The notable difference is that, unlike liveness analysis, constant propagation analysis is a forward analysis FwdTransfer. This also means the type of the function is Node e x -> f -> Fact x f, rather than Node e x -> Fact x f -> f: when the control flow splits, we can give different sets of facts for the possible outgoing labels. This is used to good effect in Cond (Var x), where we know that if we take the first branch the condition variable is true, and vice-versa. The rest is plumbing:

• Branch: An unconditional branch doesn’t cause any of our variables to stop being constant. Hoopl will automatically notice if a different path to that label has contradictory facts and convert the mappings to Top as notice, using our lattice’s join function. mapSingleton creates a singleton map from the label l to the fact f.
• Cond: We need to create a map with two entries, which is can be done conveniently with mkFactBase, where the last argument is a list of labels to maps.
• Call: A function call is equivalent to assigning lots of unknown variables to all of its return variables, so we set all of them to unknown with toTop.
• Return: Goes nowhere, so an empty map will do.

Next time, we’ll talk about some of the finer subtleties about transfer functions and join functions, and discuss graph rewriting, and wrap it all up with some use of Hoopl’s debugging facilities to observe how Hoopl rewrites a graph.

### 3 Responses to “Hoopl: Dataflow analysis”

1. Michael says:

Let’s say I want to do an SSA pass, and I’m rewriting “a = a + 1” to “b = a + 1”. I want to record a Fact that “a maps to b” going forward. I’m not sure I see how to accomplish that in Hoopl, since the rewrite function would destroy any record of “a = …” having existed, so the transfer function can’t observe that the mapping exists.

I feel like my example is an abuse of Hoopl, but I’m not certain how so. Perhaps it’s that Hoopl allows you to express simple facts about “what the code is right now” and not “how the code came to be this way”. Then a question from a different angle… is an SSA conversion possible using Hoopl?

2. Edward Z. Yang says:

No. But the first technical problem you describe can be overcome.

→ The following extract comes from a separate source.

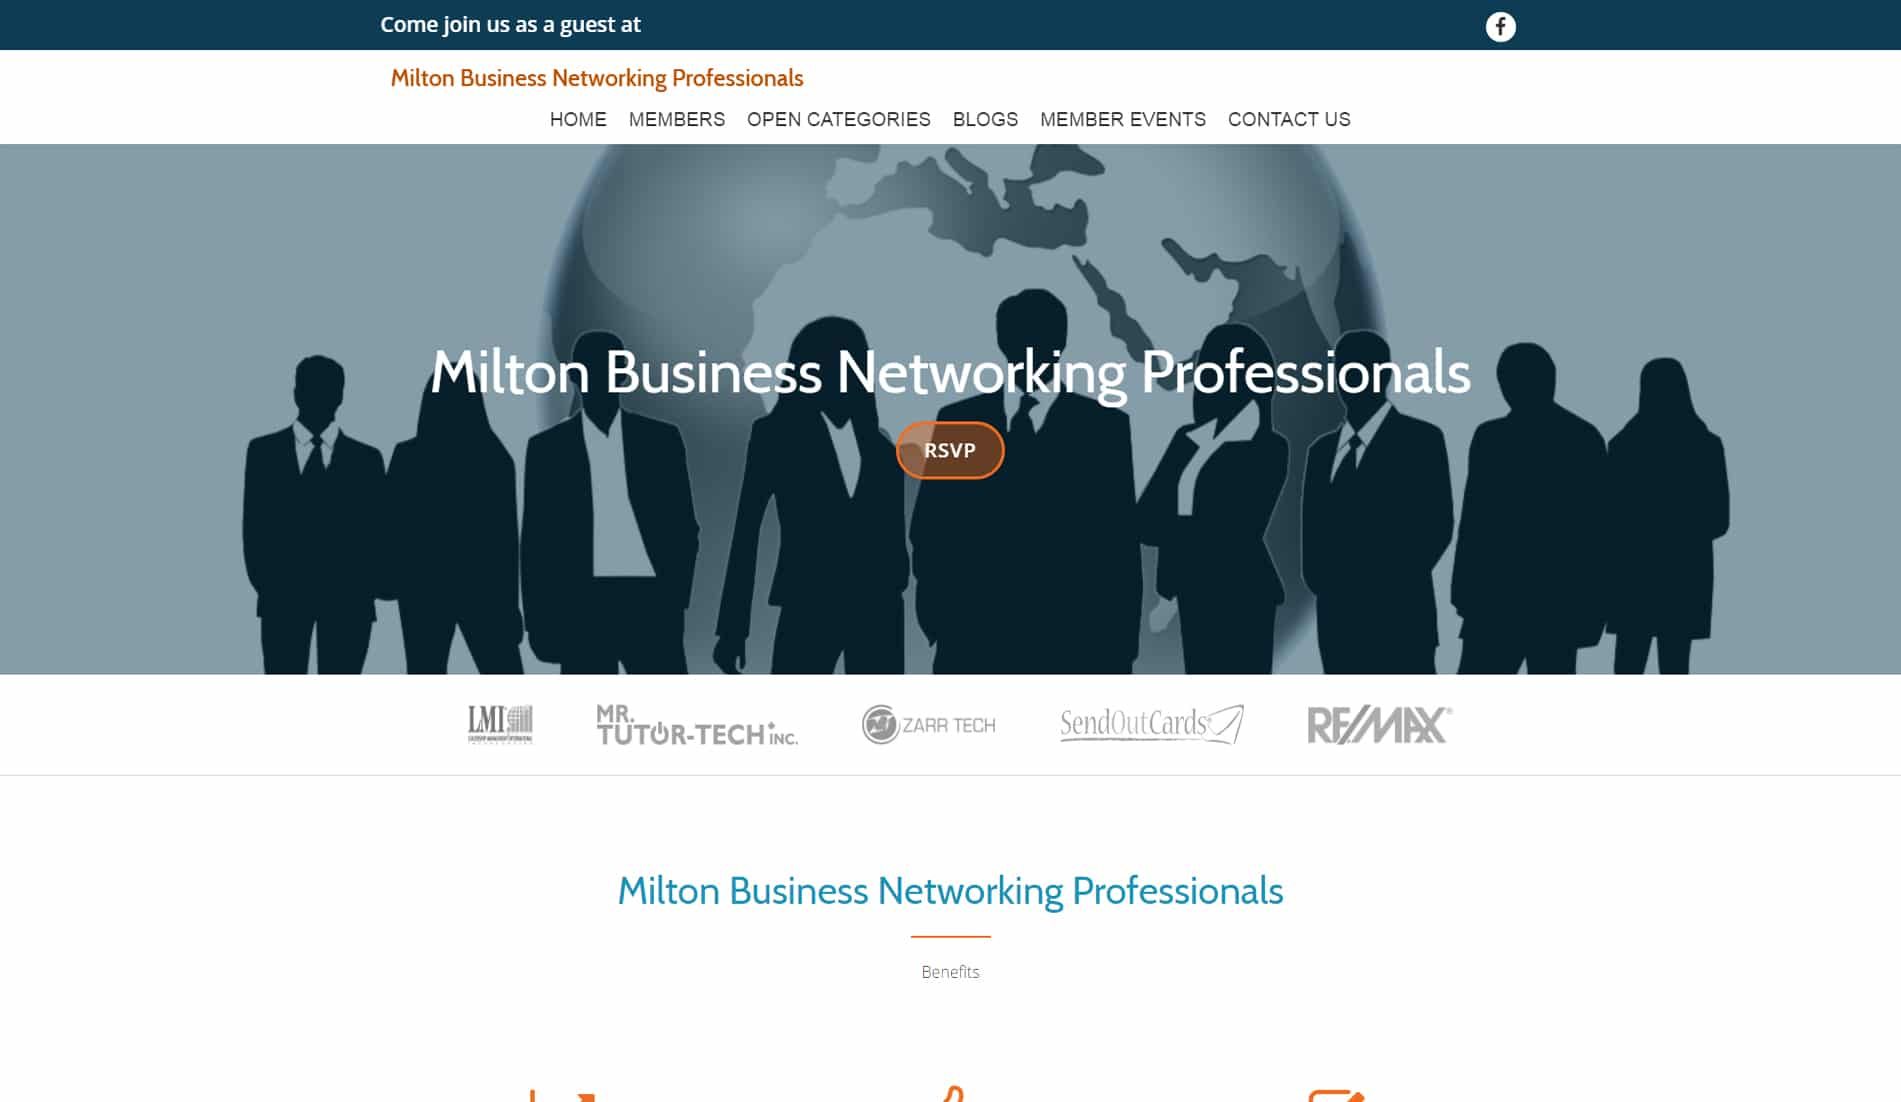 Mr.Tutor-Tech Website Design Milton Mbnp Website Design Slide 1

You’re not allowed to rewrite a = a + 1 to b = a + 1, because that’s not a semantics preserving transformation! In particular, if I stopped right after doing that rewrite (which Hoopl is allowed to do, via the fuel mechanism), we’d have a broken program. Not good.

So, you would need to do is rewrite a = a + 1 to temp = a + 1; a = temp; b = temp, and record that b has the same value as a. Then you can rewrite subsequent accesses to a as b, and subsequent writes accordingly. Then, you do another pass to eliminate dead assignments. If that’s not clear enough, I can hack up an example pass to demonstrate (it doesn’t help that I haven’t finished this series yet :-)

But there is an important problem with trying to do SSA in Hoopl: we don’t have phi nodes! So, if you tried running this analysis on a program with a loop, we would infinitely rewrite in an attempt to get single assignment, and failing. We’ve also failed our “finite lattice” requirement, since we can generate fresh labels while we’re doing rewriting. With some fiddling we might be able to work around this, but I don’t see an obvious way of doing it that is particularly Hoopl-ish.

Is SSA desirable in Hoopl? My inclination is to say no: since Hoopl does fixpoint analysis for loops, we can usually write our analyses while being blithely unaware of single assignment: the fixpoint analysis will get us where we want. In this respect, Hoopl offers an *alternative* to SSA style, in that it makes tractable analyses that would have previously been very annoying without the single-assignment assumption.

3. Michael says:

That makes perfect sense. Thank you.